Самое яркое и парадоксальное выражение этой своеобразной христианской установки, постоянно забываемое или ложно истолковываемое популярным сознанием, состоит в указании, что кающийся грешник ценнее праведника, что «на небесах больше радости об одном кающемся грешнике, чем о 99 праведниках». Невольно задаешься вопросом: почему? Можно представить себе – и так это обычно и представляется себе, – что кающийся грешник заслуживает снисхождения или даже полного прощения, но тогда он в лучшем случае только уподобляется праведнику, никогда не грешившему, или скорее по своей ценности только приближается к нему. Но почему он встречается еще с большей радостью или любовью, чем праведник? Тексты Евангелия не оставляют здесь ни малейшего сомнения. Дело в том, что основное отношение Бога к людям есть отношение не суда, а любви; поэтому грех рассматривается не как вина и преступление, не как нарушение объективной нормы или ценности добра, а как опасность, как болезнь, угрожающая человеку гибелью. Любовь же пропорциональна не заслугам любимого, а его нужде или же опасности его потерять. Несчастному дается, естественно, больше любви, чем счастливому, потому что он в ней больше нуждается, и пастуху одна заблудшая овца, которую он рискует потерять, дороже всего стада, и отцу, казалось, потерянного, но вернувшегося блудного сына этот сын дороже того, который всегда оставался и работал в его доме. Так христианство дает религиозное оправдание тому интимному, таимому в глубине и обычно не высказываемому отношению человеческой души к морали, которое состоит в том, что моральные правила и оценки, при всей их необходимости и святости, не дают полного удовлетворения ее нуждам и влечениям; человеческая душа ведает некое благо или томится по некому благу, высшему, чем моральное добро: это есть благо, спасающее душу. Мерило истинной ценности человеческой личности, мерило ее полноты, глубины и годности состоит все же не в степени ее подчиненности, послушного выполнения моральных требований, а в силе и остроте ее влечения к этому высшему абсолютному благу.

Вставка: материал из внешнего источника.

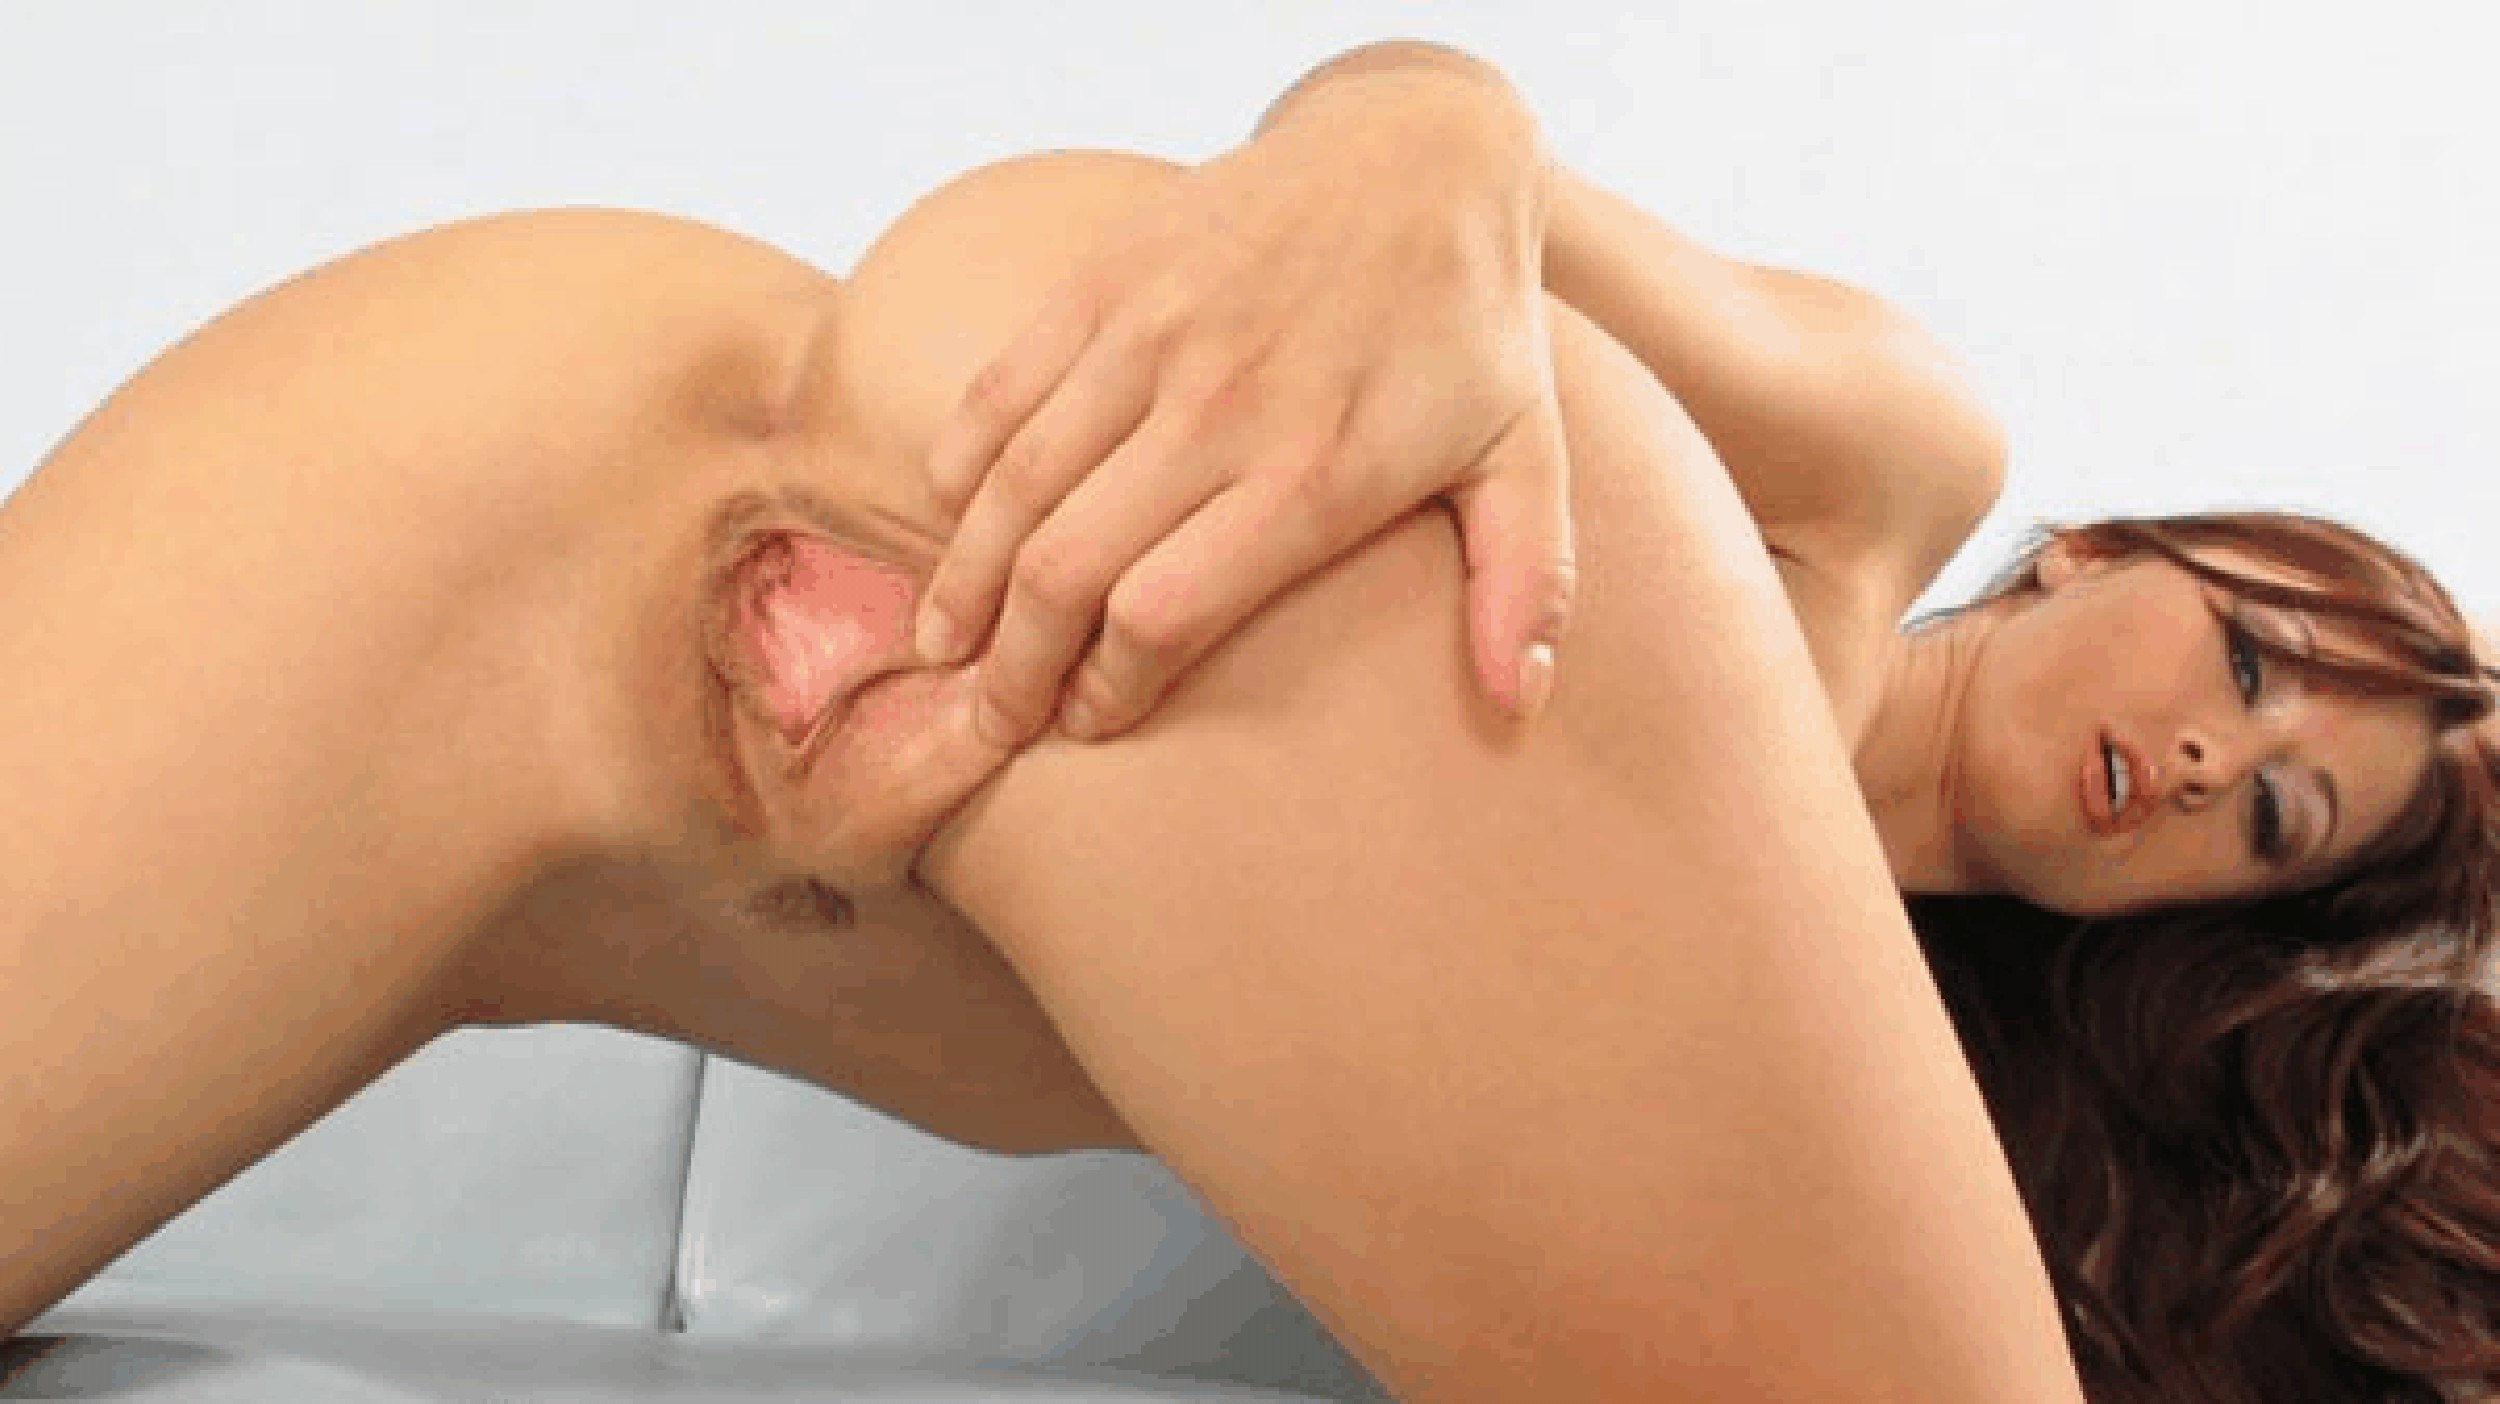 девушки с очень горячими кисками - секс порно фото

Во всех этических религиях степень моральной доброкачественности человека определяет степень его близости к Богу, его оценку перед лицом Бога. В христианстве, как религии личности, имеет место – парадоксальным образом – обратное соотношение: степень близости человека к Богу, интенсивность его влечения, его тяга к Богу, одна определяет истинную годность и доброкачественность человека. Покаяние грешника, сознание им своей греховности, осуждение им себя самого не есть здесь просто показатель его доброй нравственной воли, в силу которой ему даруется прощение. Оно есть показатель и выражение его реальной тяги к Богу, сознание им нужды в спасении; в этом смысле сознание своего несовершенства, своей греховности, своей удаленности от Бога есть прямо условие – или обратная сторона – этой тяги души к Богу. Эту тягу к Богу или, по крайней мере, эту напряженность тяги к Богу не может испытать человек, не имеющий острого сознания своей греховности. И, с другой стороны, эта тяга есть единственное условие, при котором Бог и хочет и может спасти человека. Отсюда – парадоксальное предпочтение, которое Христос дает отверженным и грешникам – мытарям и блудницам, – перед «фарисеями» (что, как известно, значило «чистые», т. е. предполагало сознание собственной чистоты). Указание Христа, что «не здоровые нуждаются во враче, а больные», еще не сполна обосновывает это парадоксальное предпочтение, и скорее должно пониматься как ирония. Дело обстоит здесь, по существу, так, что сознающие себя морально здоровыми духовно безнадежно больны и неизлечимы, а больные, жаждущие выздоровления, самой этой жаждой обнаруживают, что они здоровее морально здоровых.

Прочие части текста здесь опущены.